Sixteen-year-old and not-so-openly gay Simon Spier prefers to save his drama for the school musical. But when an email falls into the wrong hands, his secret is at risk of being thrust into the spotlight. Now Simon is actually being blackmailed: if he doesn’t play wingman for class clown Martin, his sexual identity will become everyone’s business. Worse, the privacy of Blue, the pen name of the boy he’s been emailing, will be compromised.

With some messy dynamics emerging in his once tight-knit group of friends, and his email correspondence with Blue growing more flirtatious every day, Simon’s junior year has suddenly gotten all kinds of complicated. Now, change-averse Simon has to find a way to step out of his comfort zone before he’s pushed out—without alienating his friends, compromising himself, or fumbling a shot at happiness with the most confusing, adorable guy he’s never met.

The Cover:

The cover is just kind of okay for me. I don't dislike it, but I don't love it either. It's not really eye-catching, the headless thing is kind of weird. I do like the word bubble for the title, and the colors and grainy-ness work. But otherwise it's just kind of meh.
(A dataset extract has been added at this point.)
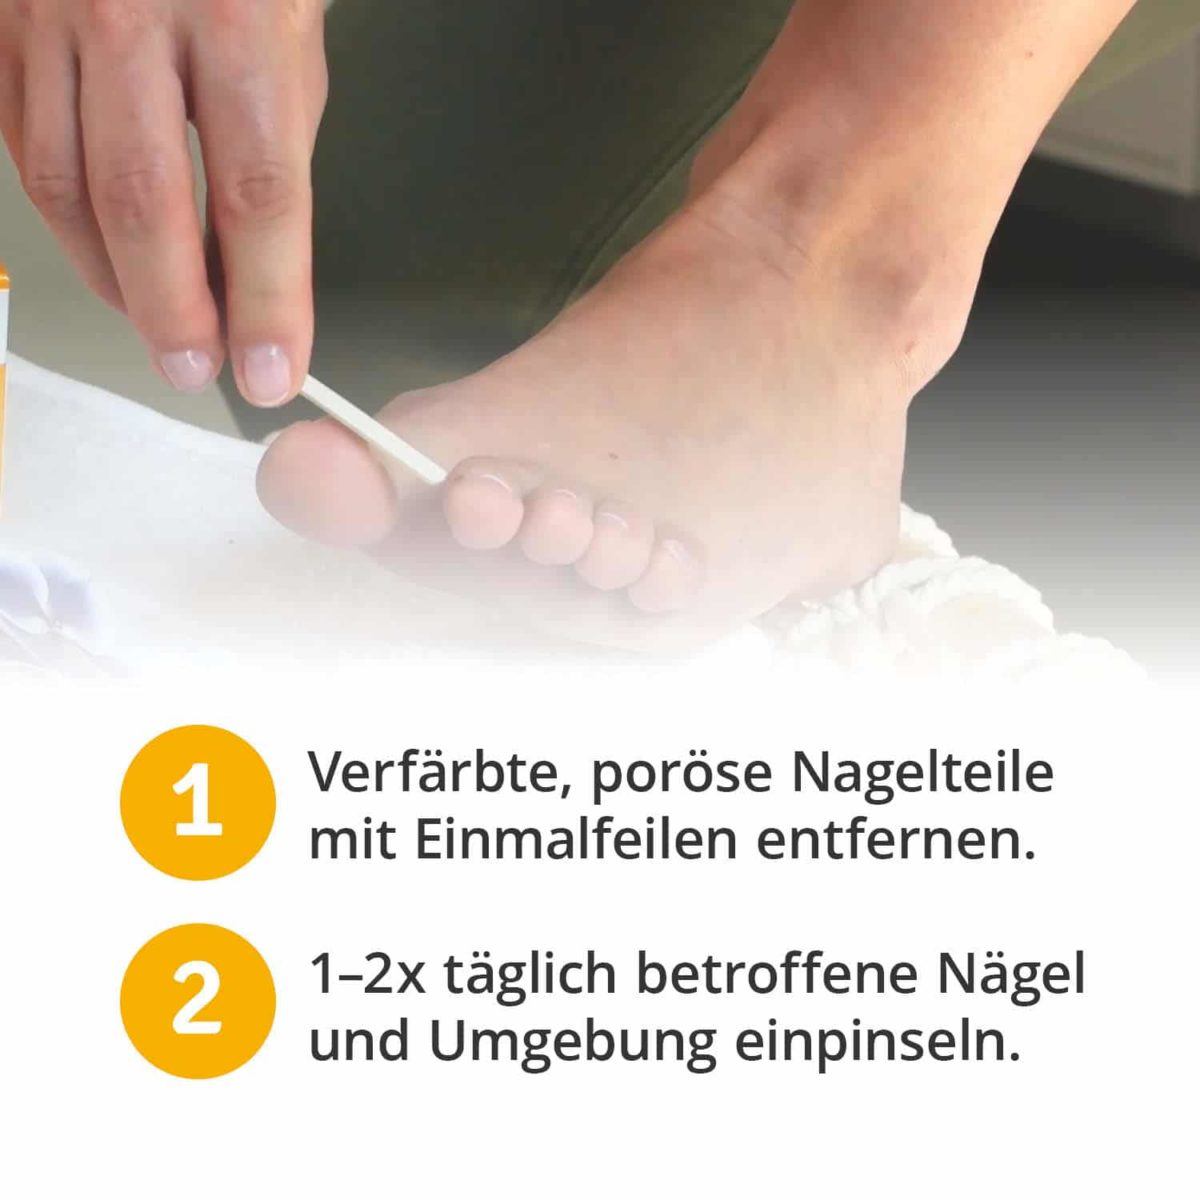 Casida Nagelöl Repair & Protect 10 ml PZN 10022445 Apotheke Nagelpilz Füße Hände6
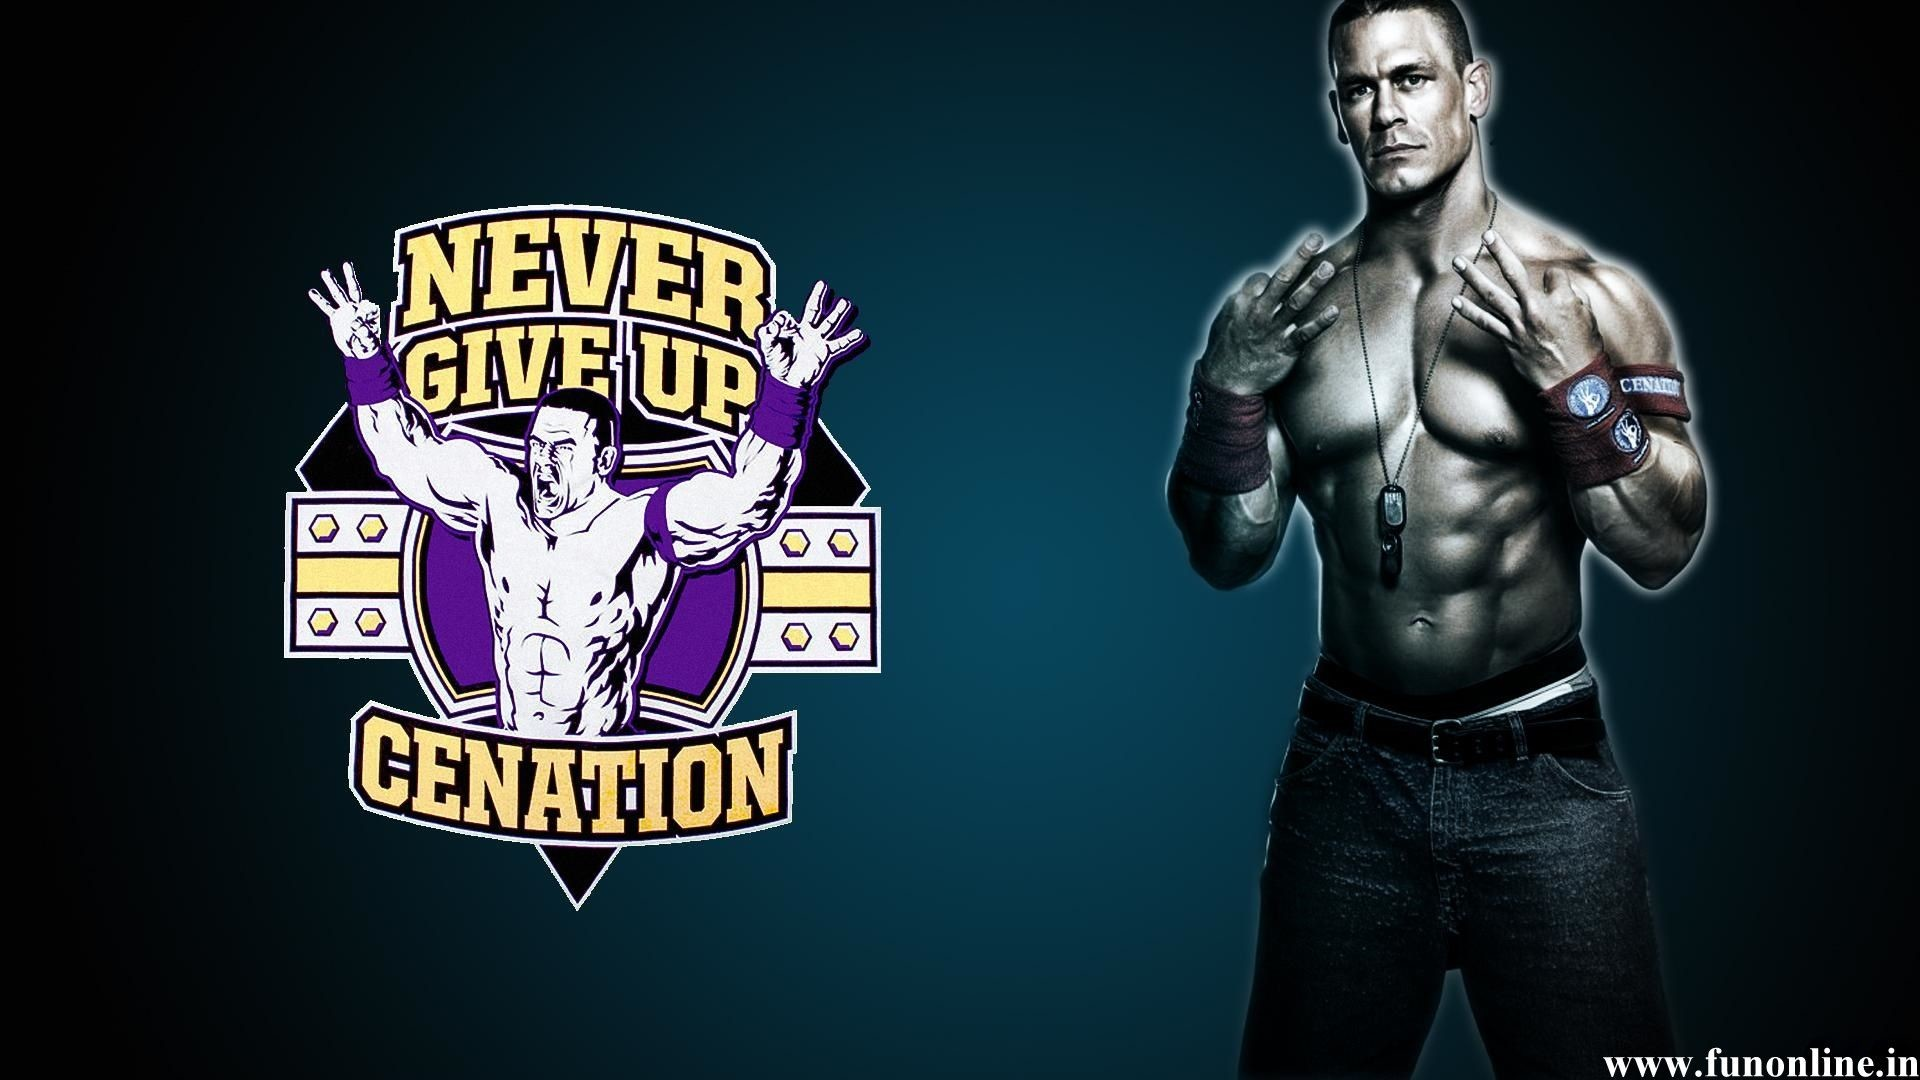 John Cena Wallpapers, Download WWE John Cenas HD Wallpaper Free

“Don’t you think everyone should have to come out? Why is straight the default? Everyone should have to declare one way or another, and it should be this big awkward thing whether you’re straight, gay, bi, or whatever. I’m just saying.” (Hardback, pg. 146) “White shouldn’t be the default any more than straight should be the default. There shouldn’t even be a default.” (Pg. 269)

When his classmate Martin finds out that Simon is gay, he blackmails him into helping him get a date with Simon’s friend Abby. Feeling forced into it so he doesn’t come out before he’s ready, or cause problems with his mystery email buddy Blue, he attempts, but isn’t very good at it really. And he’s more focused on Blue than anything else.
I like how honest and realistic this book seemed, with the whole subject matter. Simon decides to come out to some people, and is forced to with others, and it’s all honest. His emails with Blue are adorable and so cute. They go to the same school, but they don’t know who the other is. Which means that Simon starts trying to guess, and I loved the reveal. It’s incredibly adorable, as is most of the book.
Martin is a bit of jerk, honestly, even if he has some possible redeeming qualities. I liked Simon’s friends, too. His bond with Abby was sweet, and I enjoyed their honest interactions. He has a group of friends, and I liked the focus that part of his life was given, along with his family. He’s close with his family, and I liked the equal attention all of it was given.
This book is smart and thoughtful, but also super adorable and cute and funny. I loved it, and it went by so fast. I will definitely be picking up whatever she releases next.